Like plenty of other children with autism or developmental disabilities (BTW…”developmental disabilities ” is nicest term for “retards” or the “mentally retarded”), Nathan doesn’t get abstract ideas like, “Is Jesus in your heart?” (He hears, “Is a bearded man in your chest cavity?” Utter nonsense!)

Nathan can’t see or touch Jesus; we have to be Jesus for him. He has to experience love-in-action, benefit from it, and be allowed to return this love as an equal. I don’t know if it’s too late for my church to be hospitable in the way that he’ll to want to be a part of it. I will keep that hope. I’m writing this now to start a change in how we respond and interact, so other kids with disabilities can feel like they belong, and are loved and accepted.

TIPS to get you started (for kids and adults)
• Interaction doesn’t have to be hours of incredibly awesome friendship per day or week. A blood brother bond is not necessary. But, the interaction should be authentic, not out of duty or pity. Something simple like making something for them, sharing something, or just chatting pleasantly with them is plenty for starters.

• Asking about their interests (direct questions are best, maybe even just asking “yes or no” questions, at first), and then actually listening to them (even when you may not always understand them or know what to say) is helpful. They WILL understand when you care about them. Just take a bit of time to be gracious. It’ll do you good.

• Inviting them over for a snack, to watch a movie, take a walk, ride bikes, play with your pet, or play videos games may be enjoyable for them, and of course invite the family if possible. Ask if you can visit them. Create times that are specially for them, even if they are brief periods. 30-45 minutes is fine. (But realize they will love you for it, and want to do it again soon. My son never seems to stop talking about the boy we invited over to play, about 2 months ago.)
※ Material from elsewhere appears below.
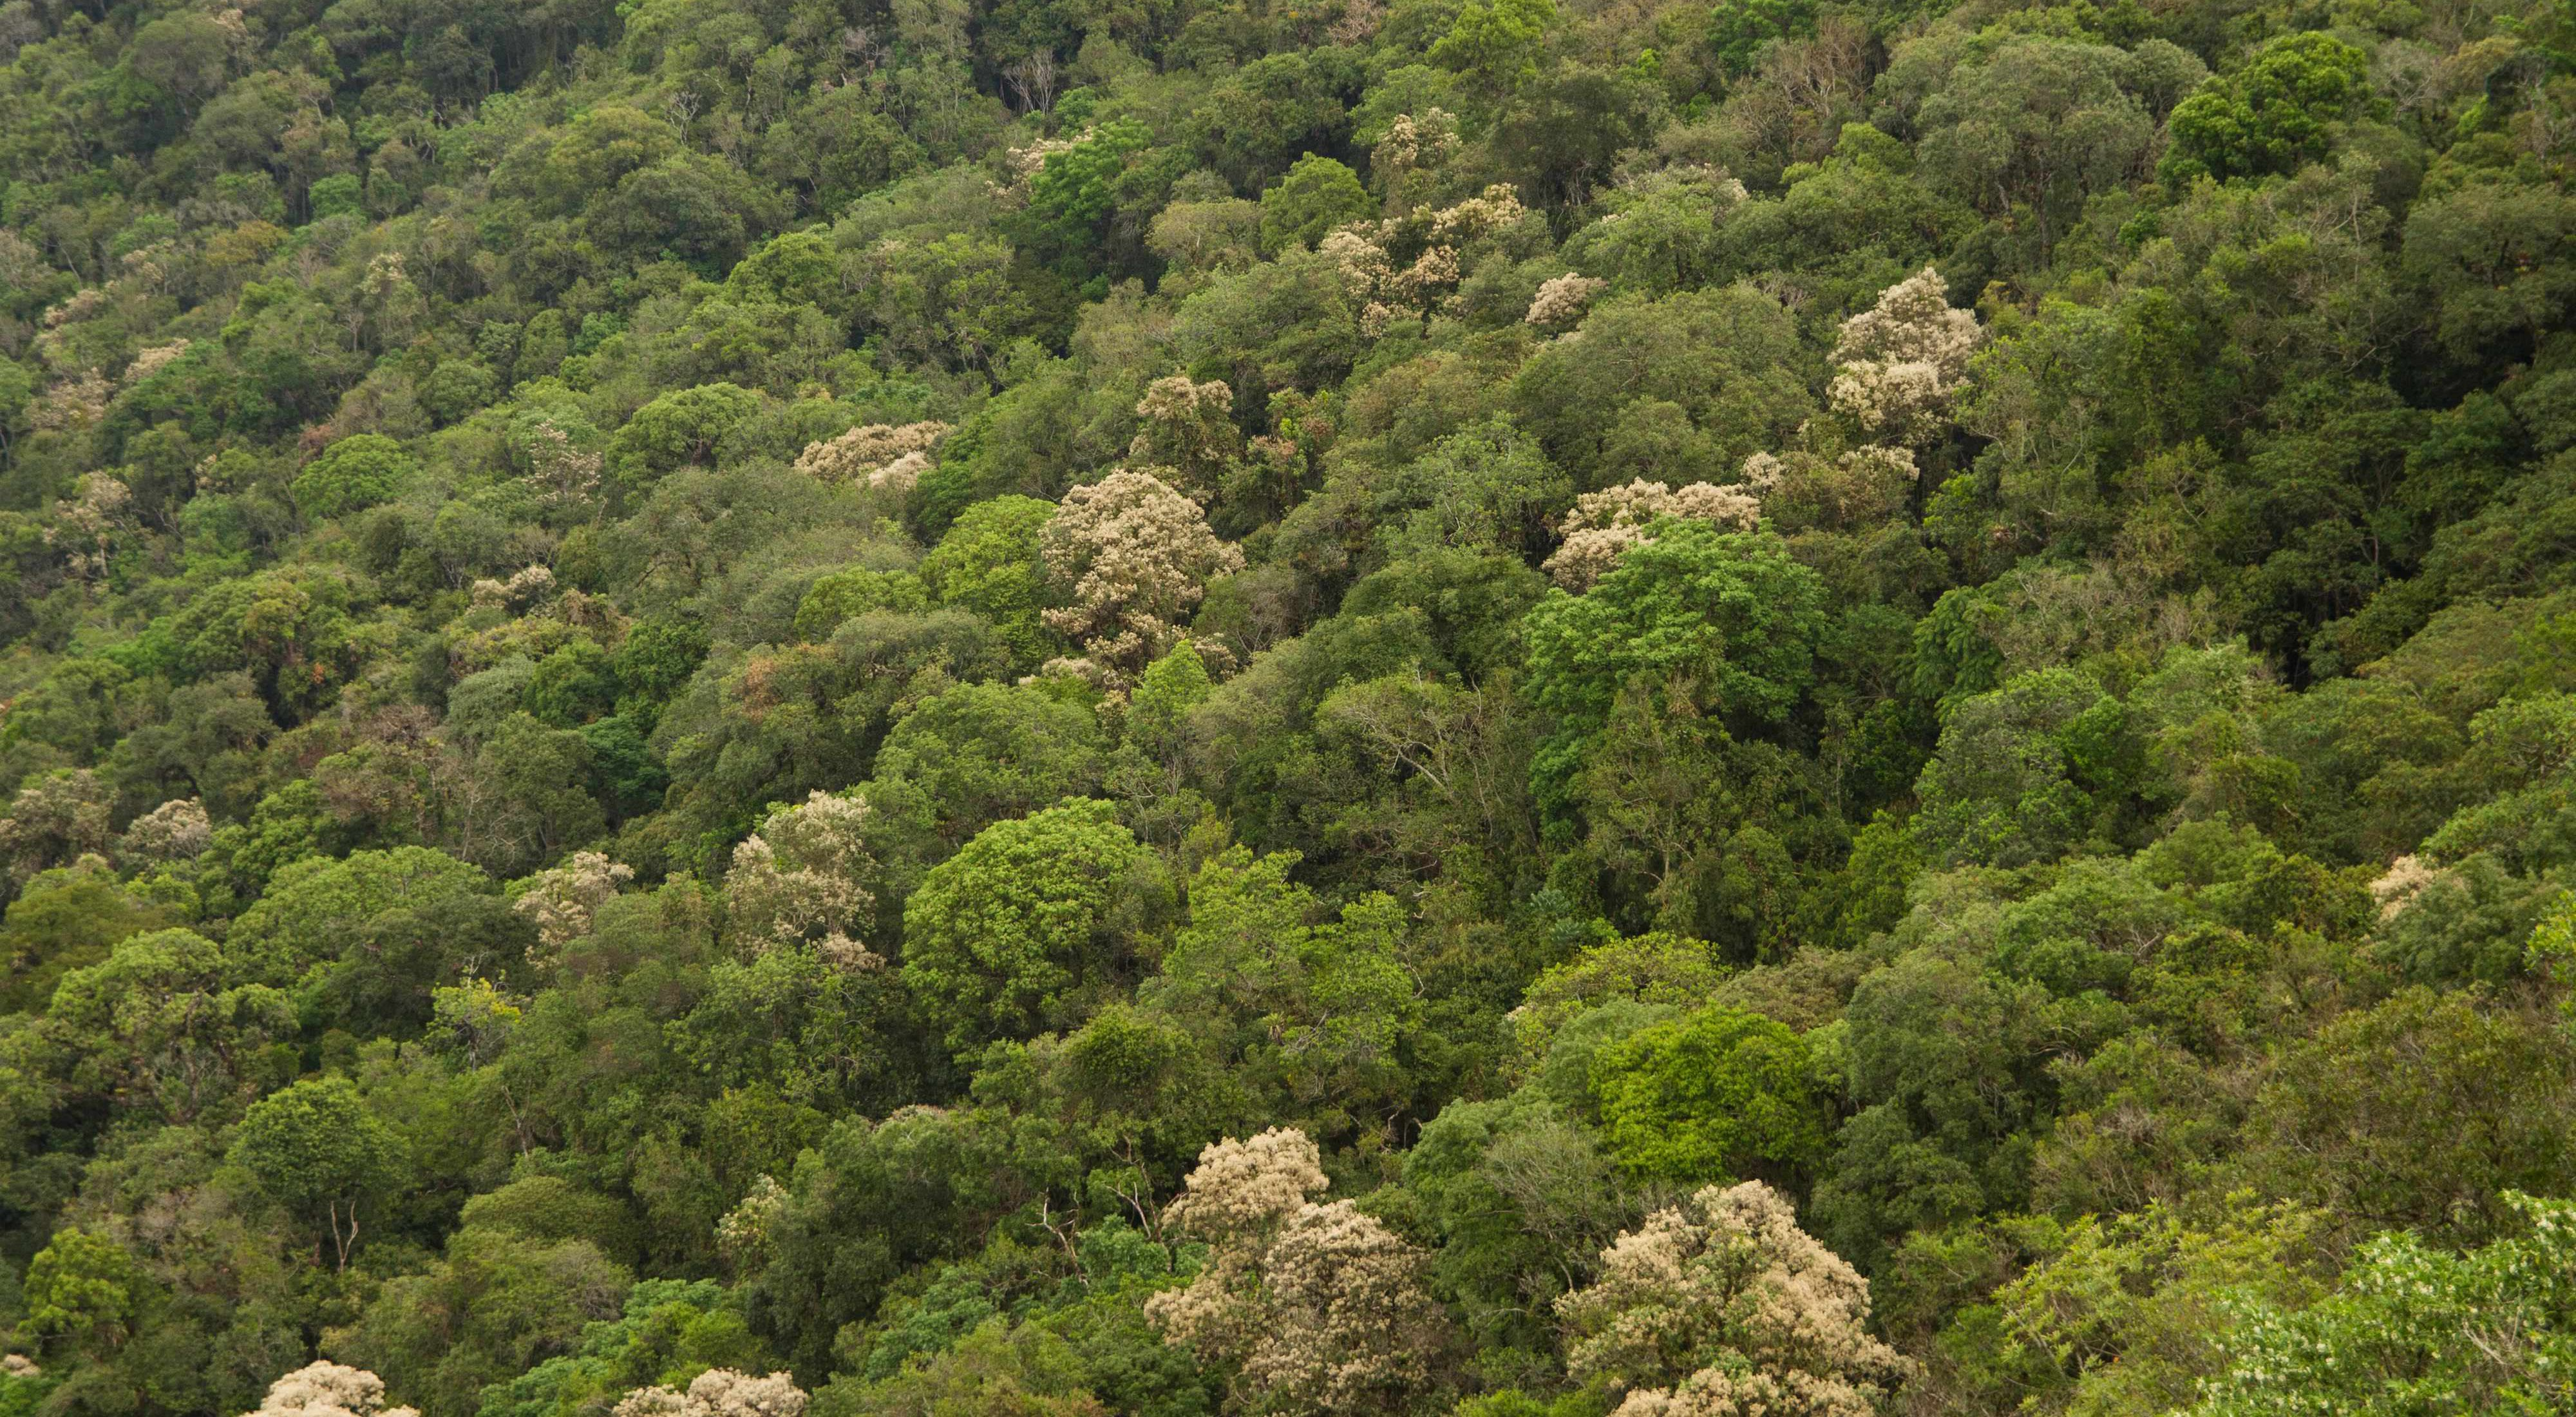 Floresta nativa na Mata Atlântica
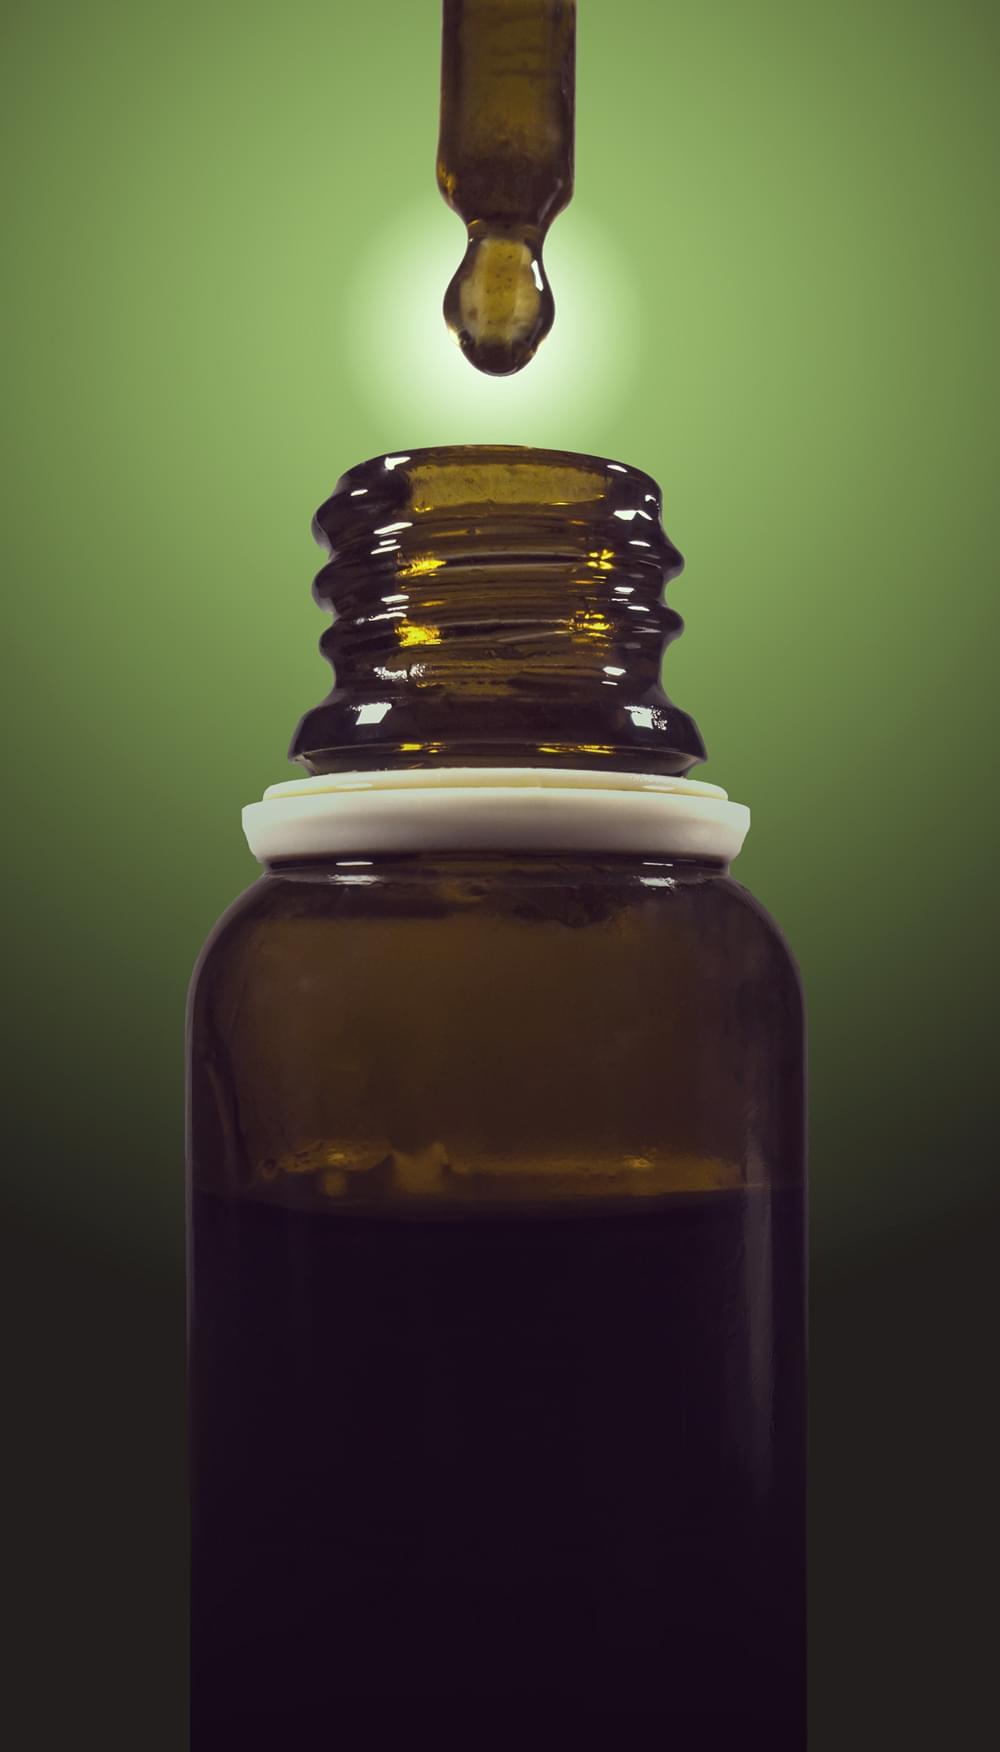 cbd regelgeving uk cannabis medische marihuana

• Offer them yourself. Nothing fancy. Invest in them for real, emotionally, and with some of your time and efforts. When you offer authentic friendship it looks different than just a saying or doing the “right thing”. You take a risk.)

• Help them make a craft, picture, or a simple snack, play a game, look at a book, build with legos, and take the time to talk to them, or just be close by and attentive, etc. and show them you like them.

• Offer the parents of disabled kids respite time. Give them an hour or two break, and get the help, information, and extra helpers you may need to care for the child. (Only 10% of churches do this. Change this statistic.)

• Be inviting.
What’s the worst that could happen if you invite a family over to your house? Maybe the child will do something unpredictable, and you won’t know what to do? Maybe you will feel uncomfortable? Get Over it.

MOVING FORWARD:

Where and how have you seen the disabled as full-fledged participants in your community or ministry? (How was it done rightly?)

AND–
How can I help you? If you want to show kindness, or God’s love to a family of a disabled person, or to a disabled person, What are your questions or concerns?

What about including or interacting with the disabled would you like to know? 

What are your fears? Share them.

Let’s get this ball rolling. No question is off limits. Your comments, or experiences can be shared as well.

Thanks for reading. Thanks for changing for the better.